Source data →
====
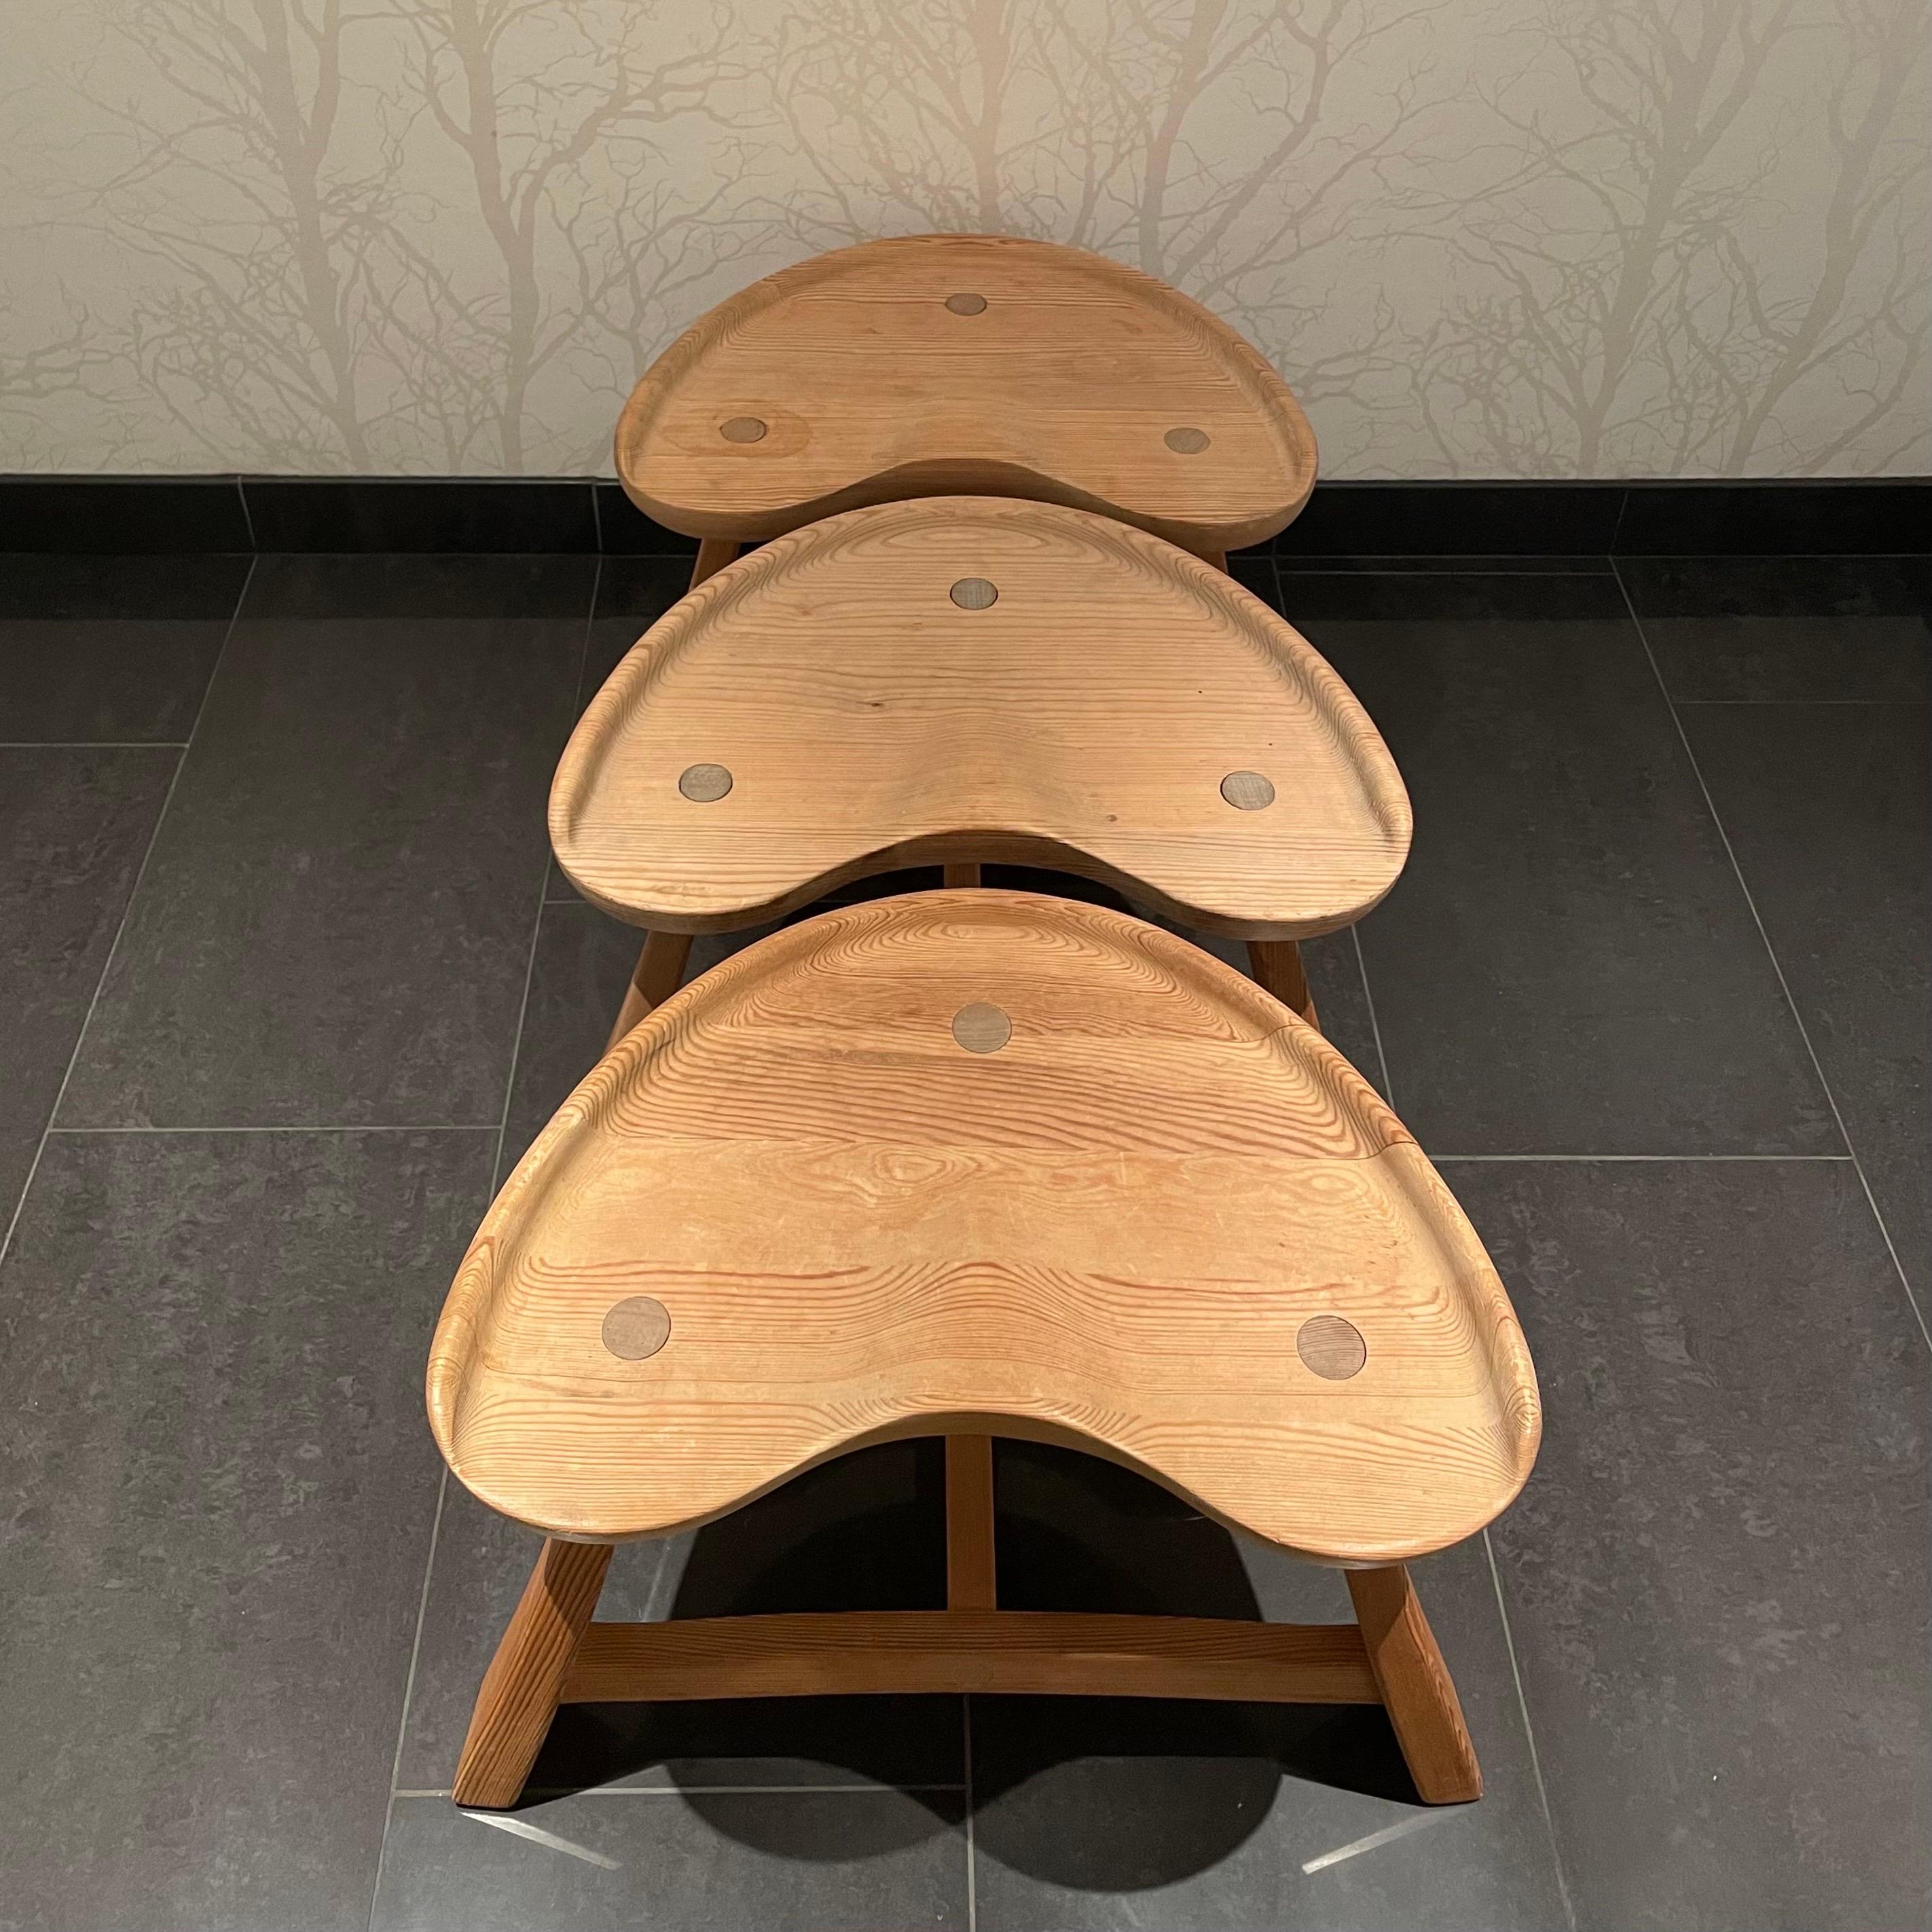 This is the Norwegian Krogenæs Möbler’s solid pine stool set of three, model nr 522.
It comes in a stable, three legged construction with patinated untreated surface. Two of the three stools are burn marked “Krogenæs Möbler” on the underside of the
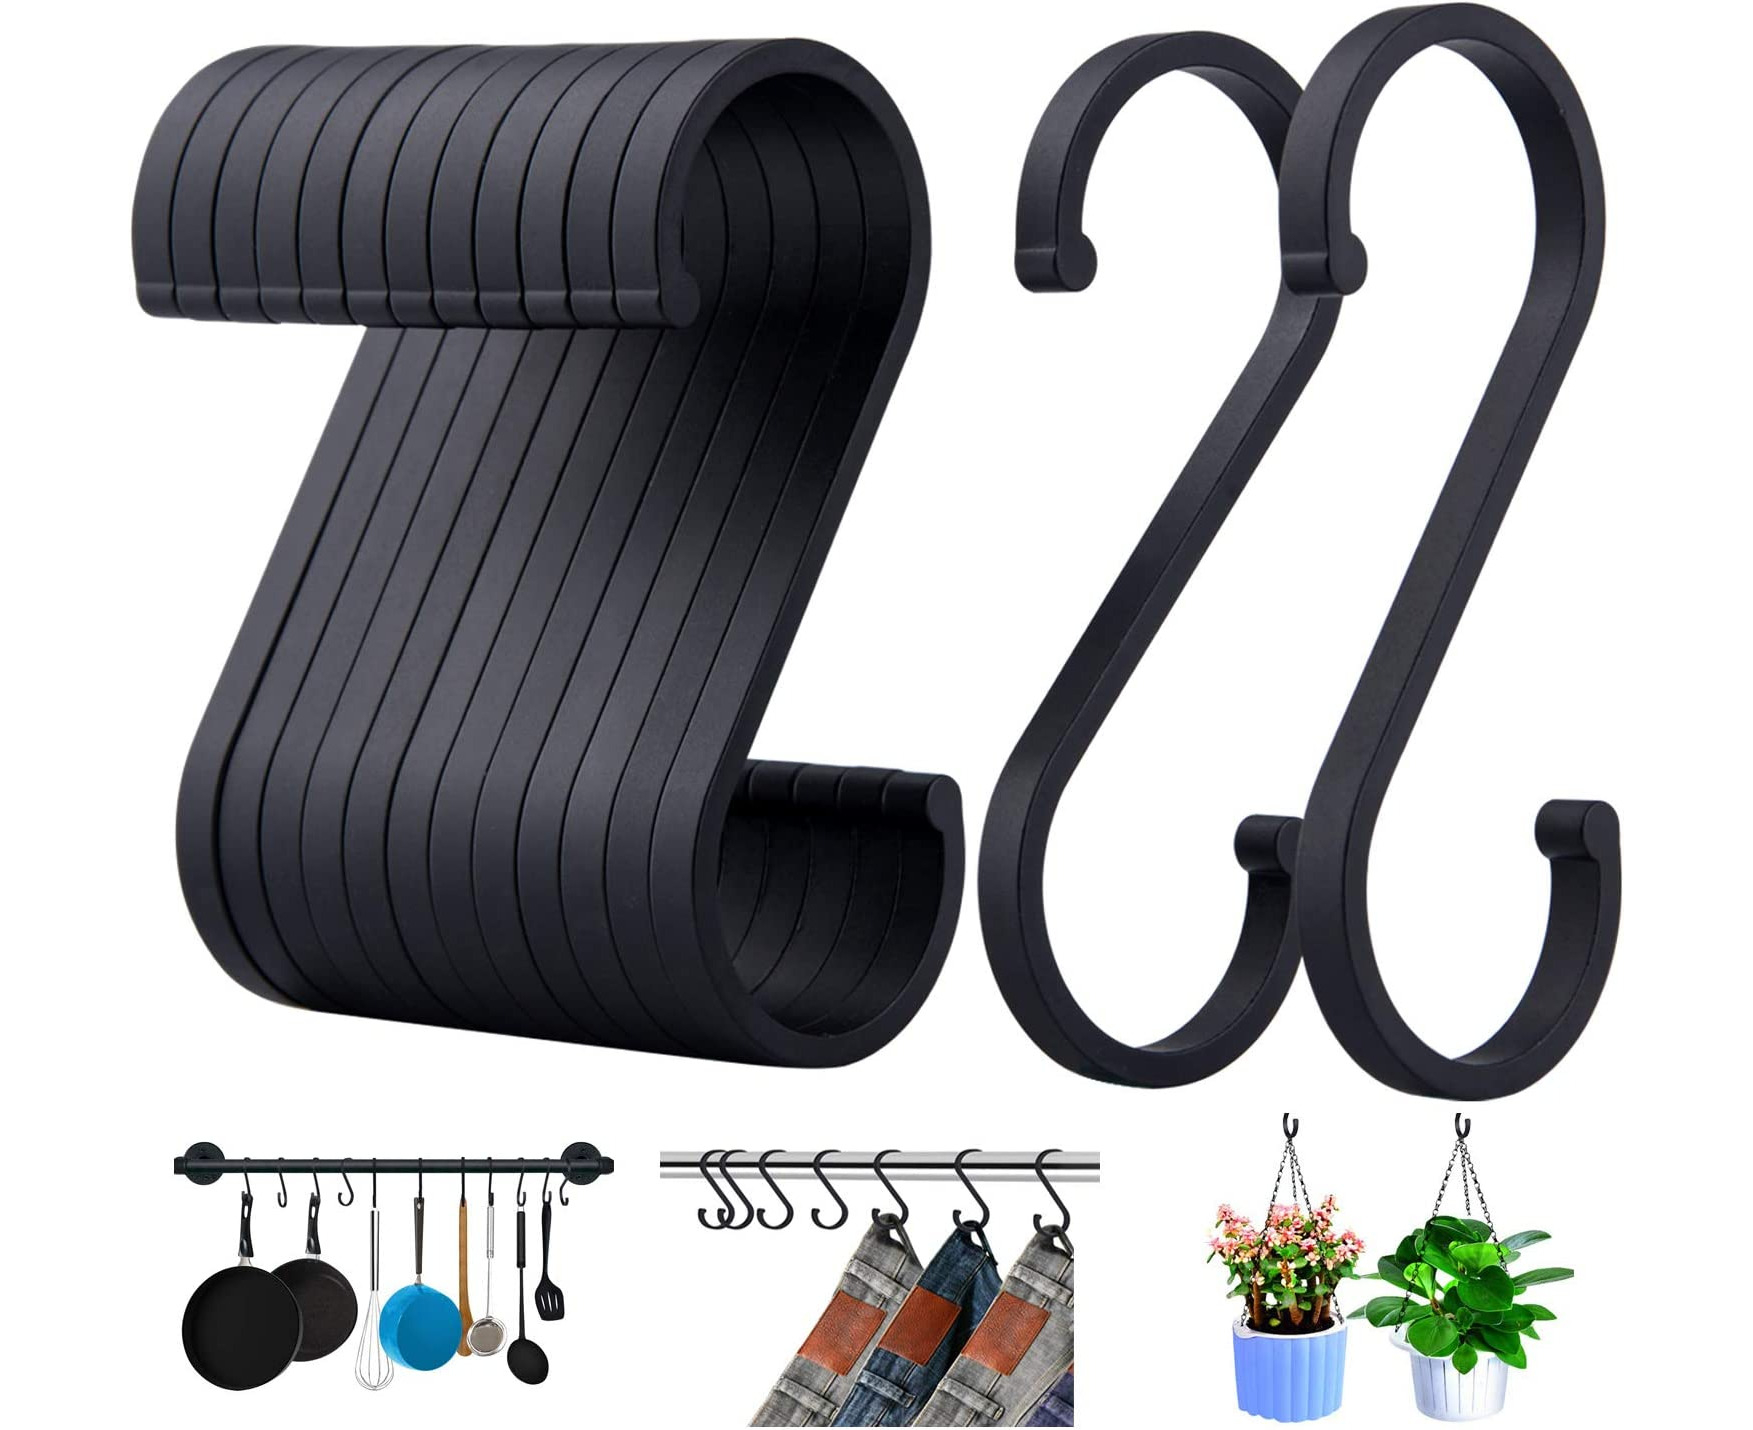 Heavy Duty 30 PCS S Hooks Stainless Steel Pan Pot Holder Rack Hooks Hanging Hangers S Shaped Hooks for Kitchenware Clothes Bags Towels Plants Garden Tools
====
What is needed → Would you restate all of the data above word for word, omitting the pictures?

Exercise solution →
 This is the Norwegian Krogenæs Möbler’s solid pine stool set of three, model nr 522.
It comes in a stable, three legged construction with patinated untreated surface. Two of the three stools are burn marked “Krogenæs Möbler” on the underside of the
 Heavy Duty 30 PCS S Hooks Stainless Steel Pan Pot Holder Rack Hooks Hanging Hangers S Shaped Hooks for Kitchenware Clothes Bags Towels Plants Garden Tools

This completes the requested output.